PUNNETT: Well, and I think that there is truth in that, and it's very important to remember. But it's also important to remember the connection between the heart and the mouth, and there are times when we talk about shame, we talk about the emphasis we're going to put on kids on learning what is wrong -- that many times, kids are still learning by what we do. And so we have to set the example for them to live by, and not just shame them when they get it wrong.

(APPLAUSE)

BLANTON: I agree.

BATTISTA: And a phone call from Arizona -- William, go ahead.

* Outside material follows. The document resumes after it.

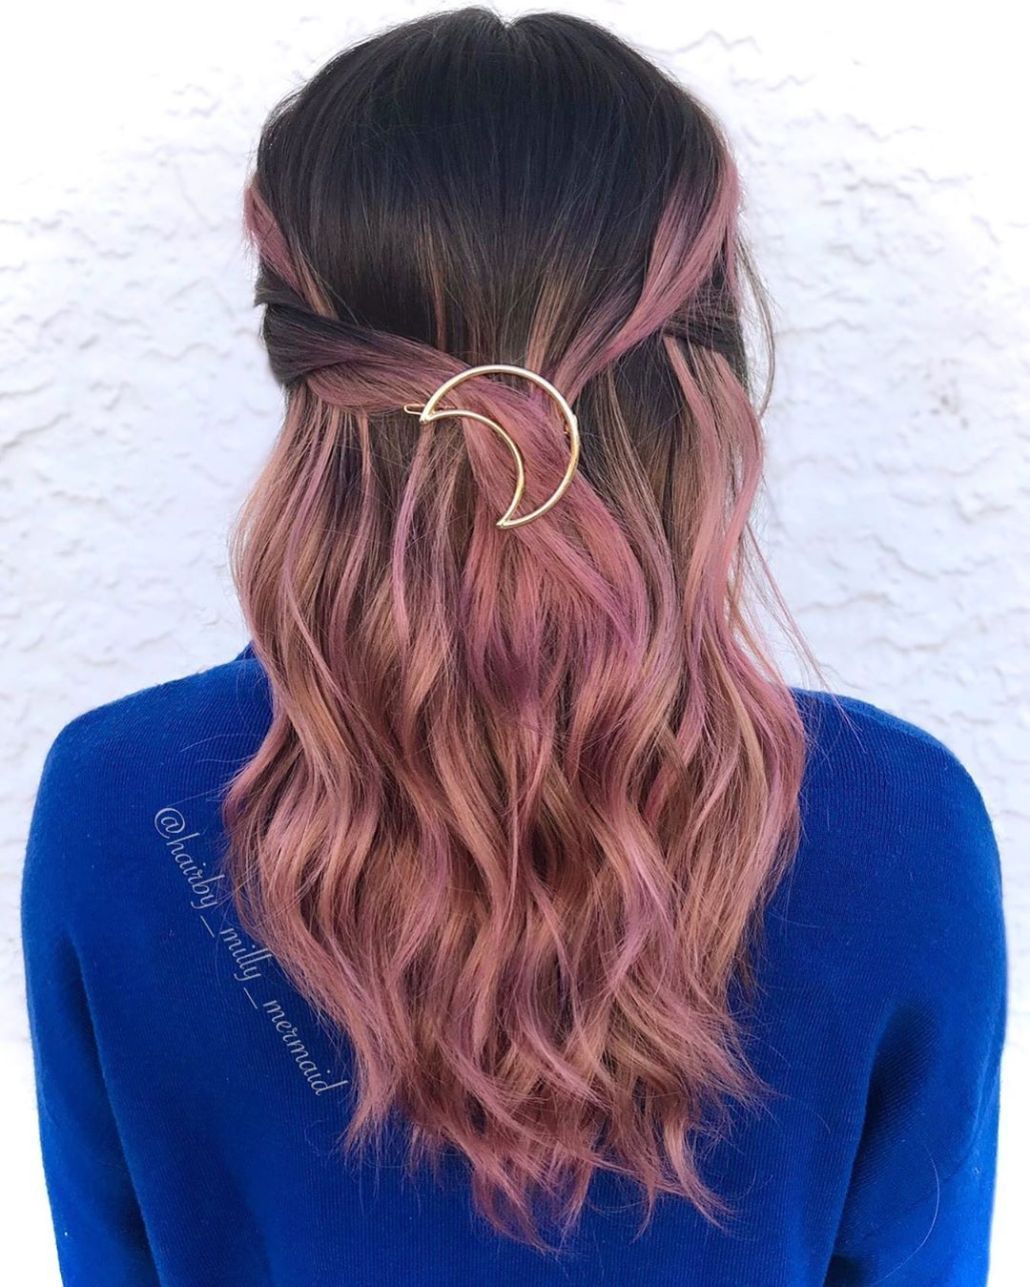 19 hair Rose Gold pixie ideas

CALLER: Hi, Bobbie. My comments about this subject is I think lying sometimes could be appropriate when you're talking to a family member or something, to keep them from having a problem with what's going on in school or something. But when in public, like in the recent things you've heard in the news about the Sony review thing, I think lying could be damaging in the long run if done improperly. Lying is very dangerous, and if unchecked, could mess things up.

Well, I think you need to tell the truth in your family, and that there's no -- lying done properly or not properly is again, a distinction that's very, very hard to figure out. I think for all the people that you're personally related, it's critical that you tell the truth in your family, even if it hurts people's feelings.

(CROSSTALK)

BATTISTA: And I'm telling the truth -- I'm running out of time, but a final e-mail from Nick in Wisconsin, who says: "Without lying, you couldn't go fishing."

(LAUGHTER)

BATTISTA: All right, Richard Shenkman, Brad Blanton, Ian Punnett, thank you all so much for joining us. Thank you for being with us as well. We'll see you again tomorrow for more TALKBACK LIVE.